As we see a rise in early-onset colorectal cancer, it's not the moment to assume everything is fine. Even if it's painless, even if it's just a small streak, get it checked. It's probably something benign. But "probably" isn't good enough when the alternative is missing something serious.

How you can actually improve your bowel movements

While some of these signs of unhealthy pooping may warrant a doctor's visit (like blood in your stool), Pasricha also shared a lot of practical advice for improving your bowel movements on your own. Here's what she recommends:

  • Raise your knees above your waist. Modern toilets aren't designed for optimal pooping. When your knees are lower than your hips, a muscle acts like a sling around the colon, creating a kink that makes it harder to go. Elevating your feet on a stool straightens things out and makes the whole process easier. Pasricha said this one change alone can make a noticeable difference.
  • Increase your fiber. This is the one she comes back to most. She recommends spreading fiber throughout the day, starting with a high-fiber breakfast, and supplementing with psyllium husk on days when you fall short. If you need ideas for incorporating more fiber into your meals, here are some simple ways to get things moving.
  • Reduce stress where you can. Stress has a direct effect on the gut, and she includes it in her standard list of things to address when patients can't figure out what's going wrong.

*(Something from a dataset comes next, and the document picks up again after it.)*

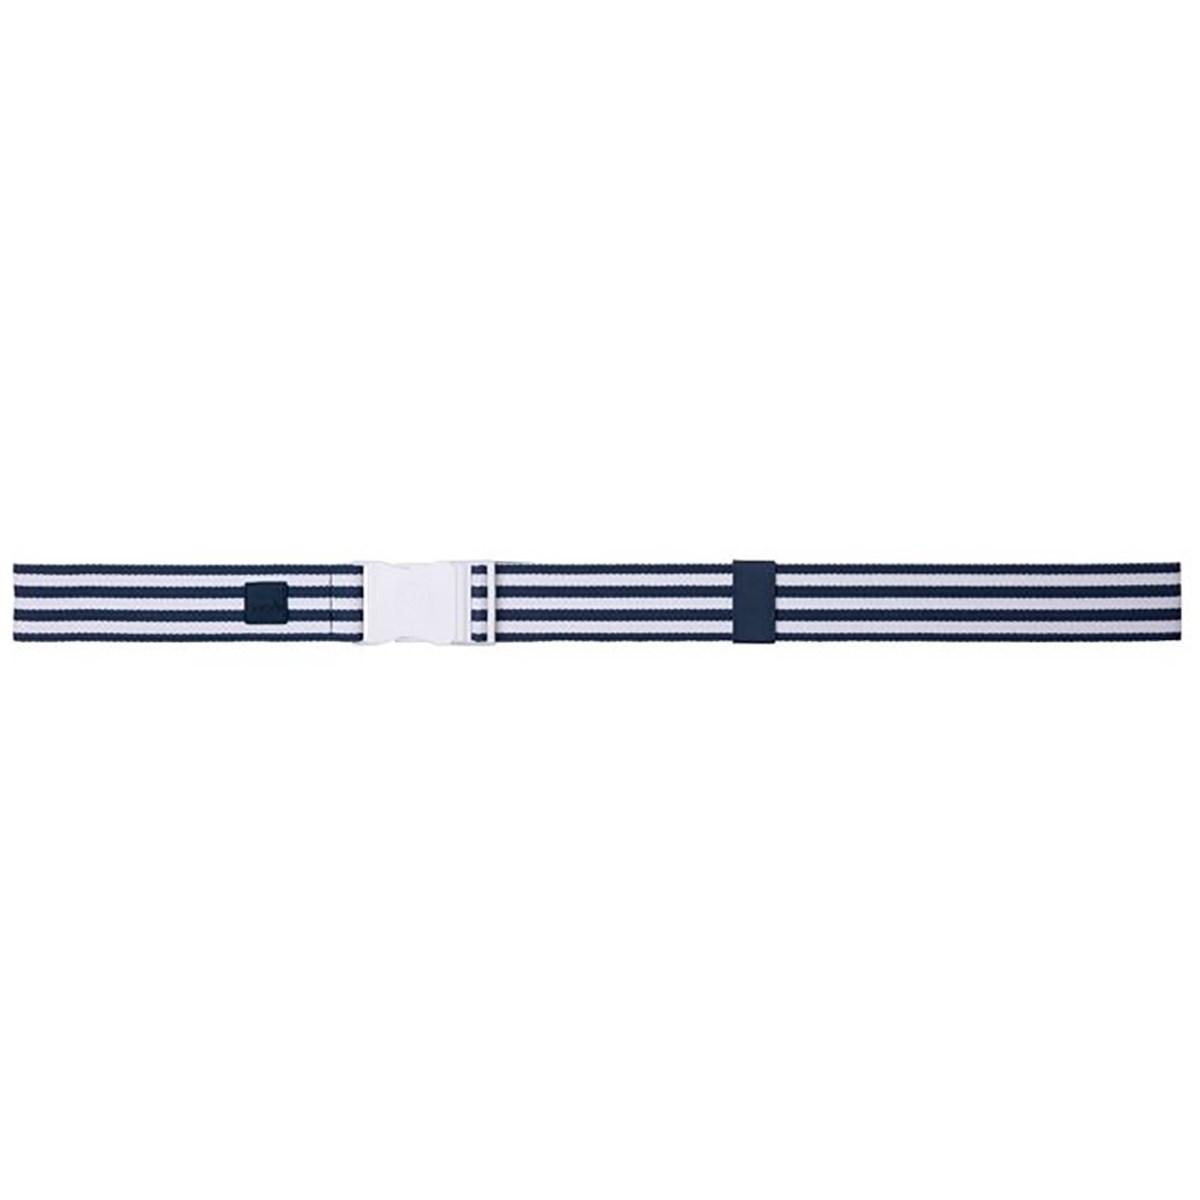 プーマ PUMA Pars & Stripes ウルトラライト ストレッチ ベルト フリー ダークデニム 01
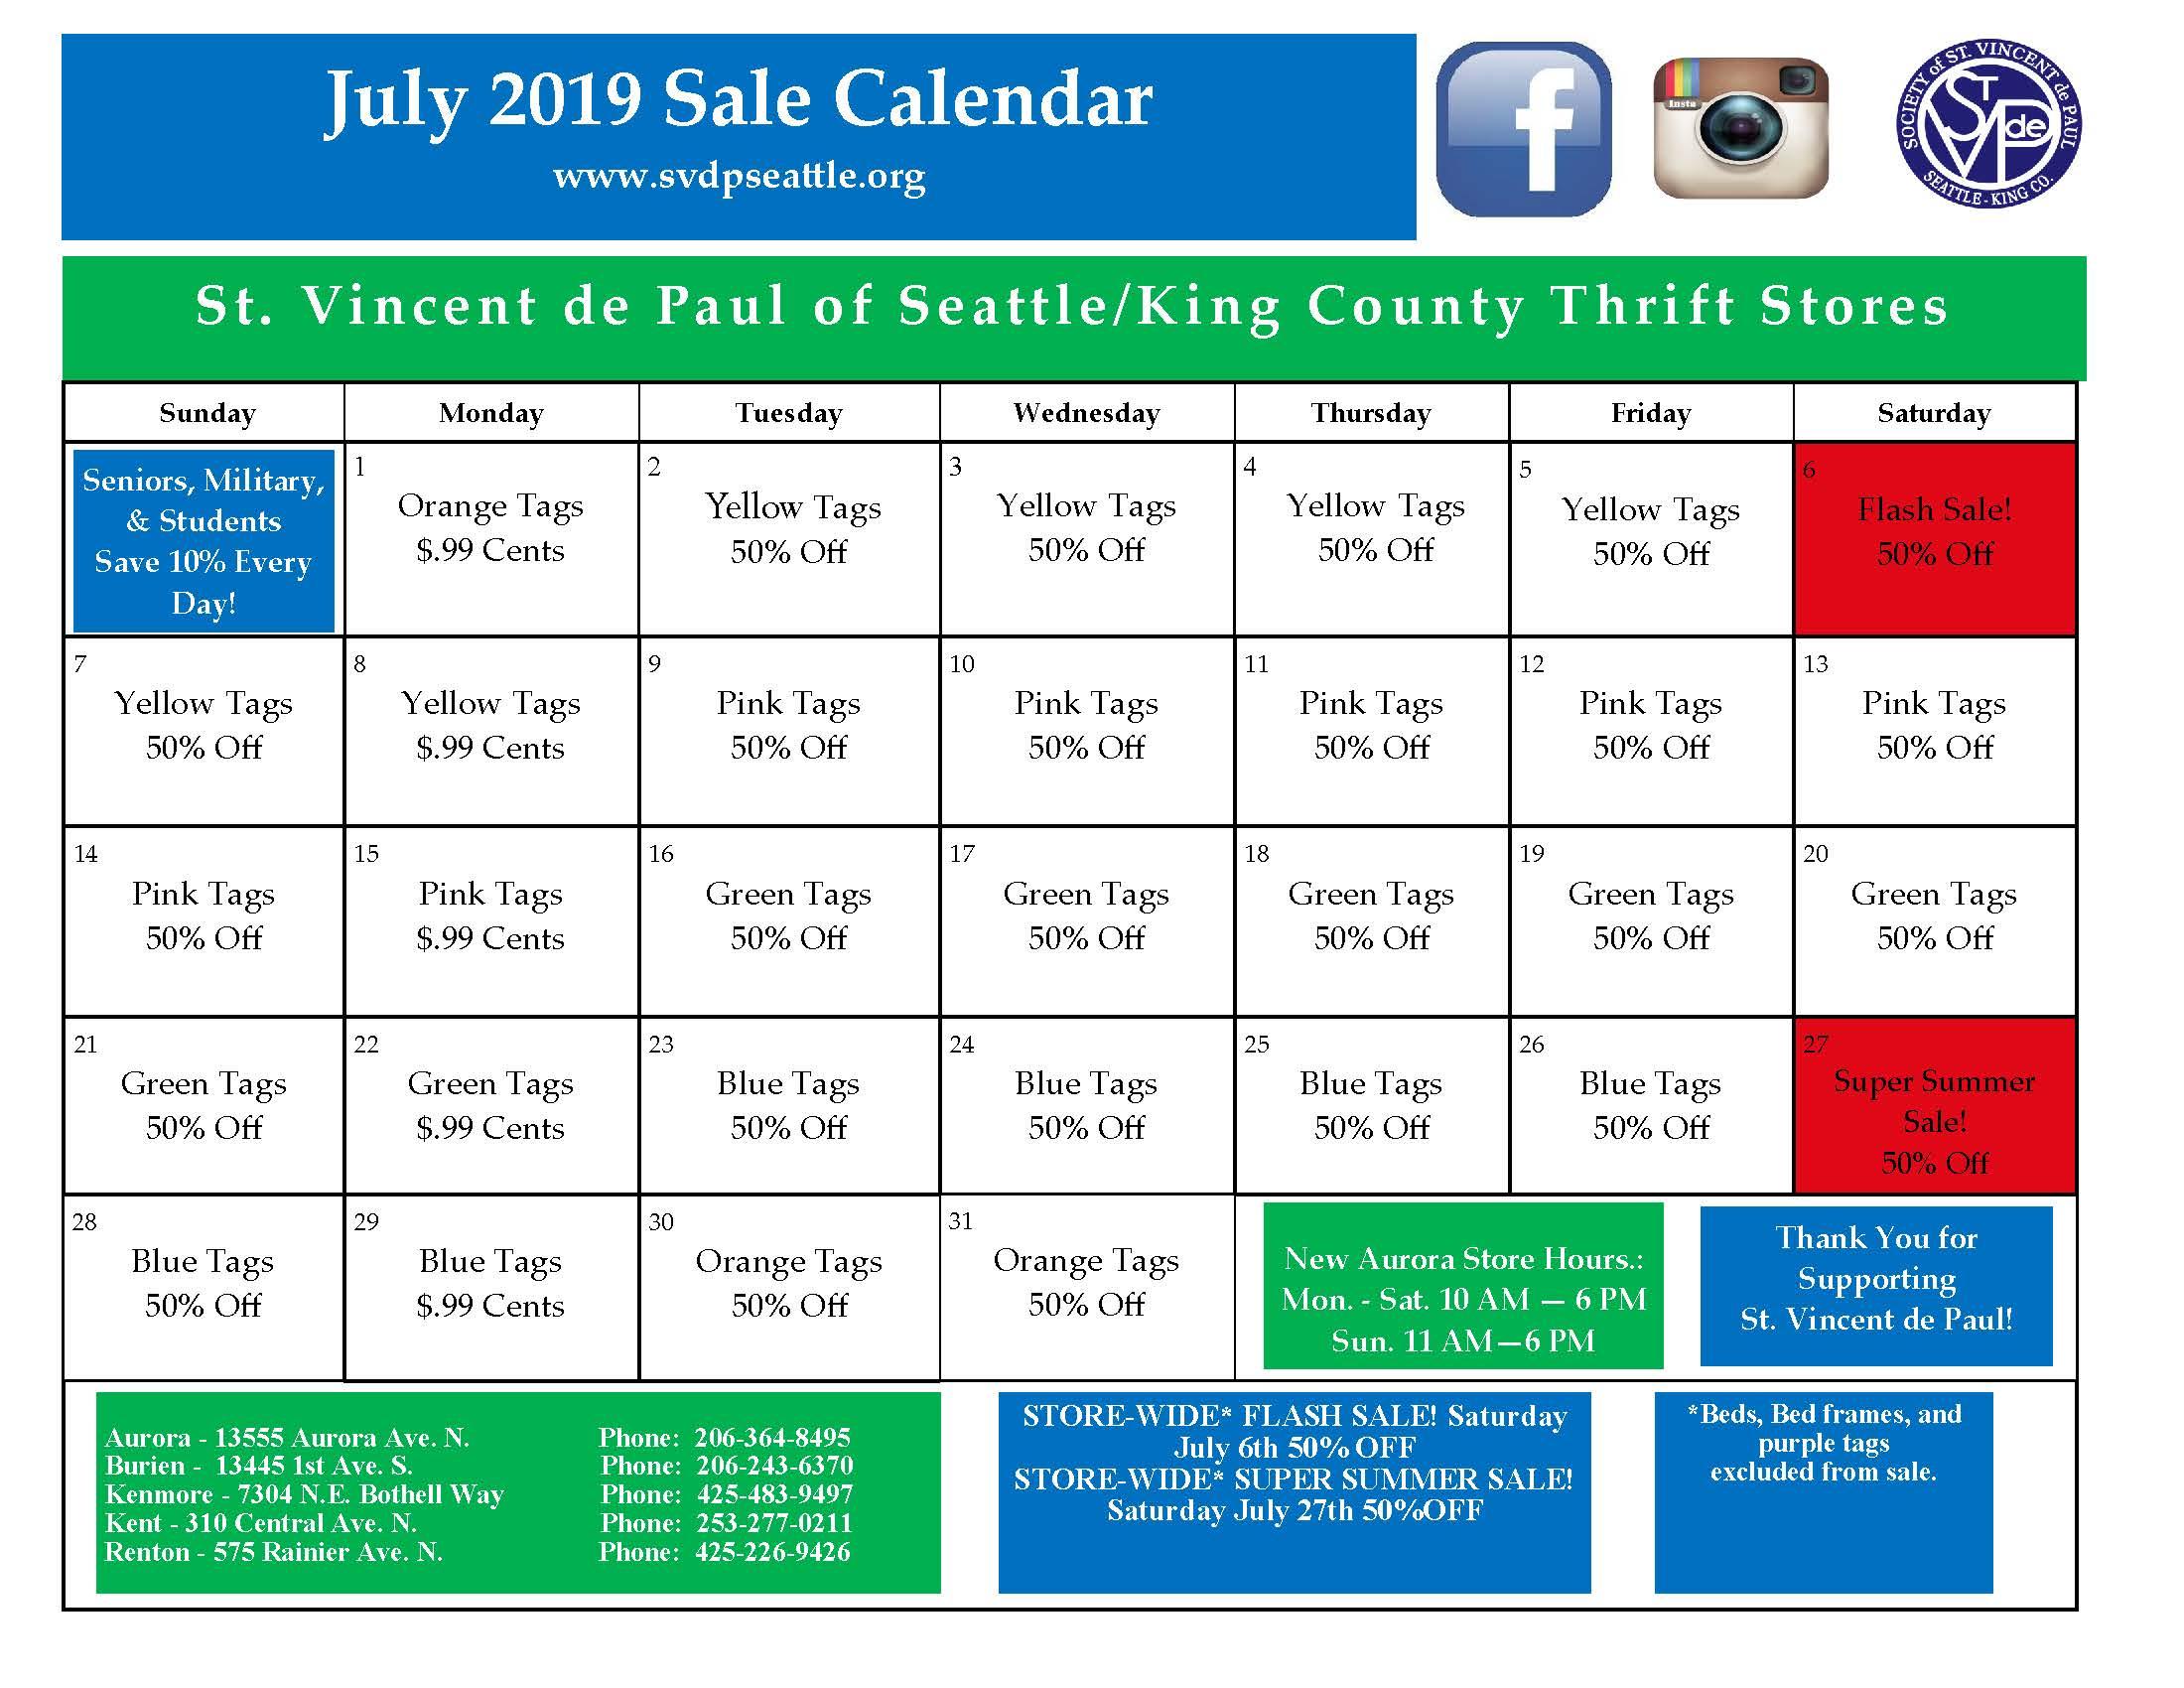 July 2019 Calendar 6-21-19 8-30AM Final JPEG

If you want to do a full gut reset, Pasricha recommends cutting back on ultra-processed foods, alcohol and NSAIDs for 30 days. All three of these things can damage the gut lining over time. It's unrealistic to cut them out completely, but a 30-day experiment of minimizing all three can be helpful to see what your real baseline feels like.

The takeaway

The thing that stuck with me most from this conversation isn't any single tip—it's Pasricha's framing. Comfort is the metric. Your bathroom habits should fit into your life quietly and easily, without pain, without drama, without a 45-minute production. If they don't, that's worth paying attention to.

And if there's ever blood, don't wait. It's probably nothing serious. But "probably" isn't a good enough reason to ignore it.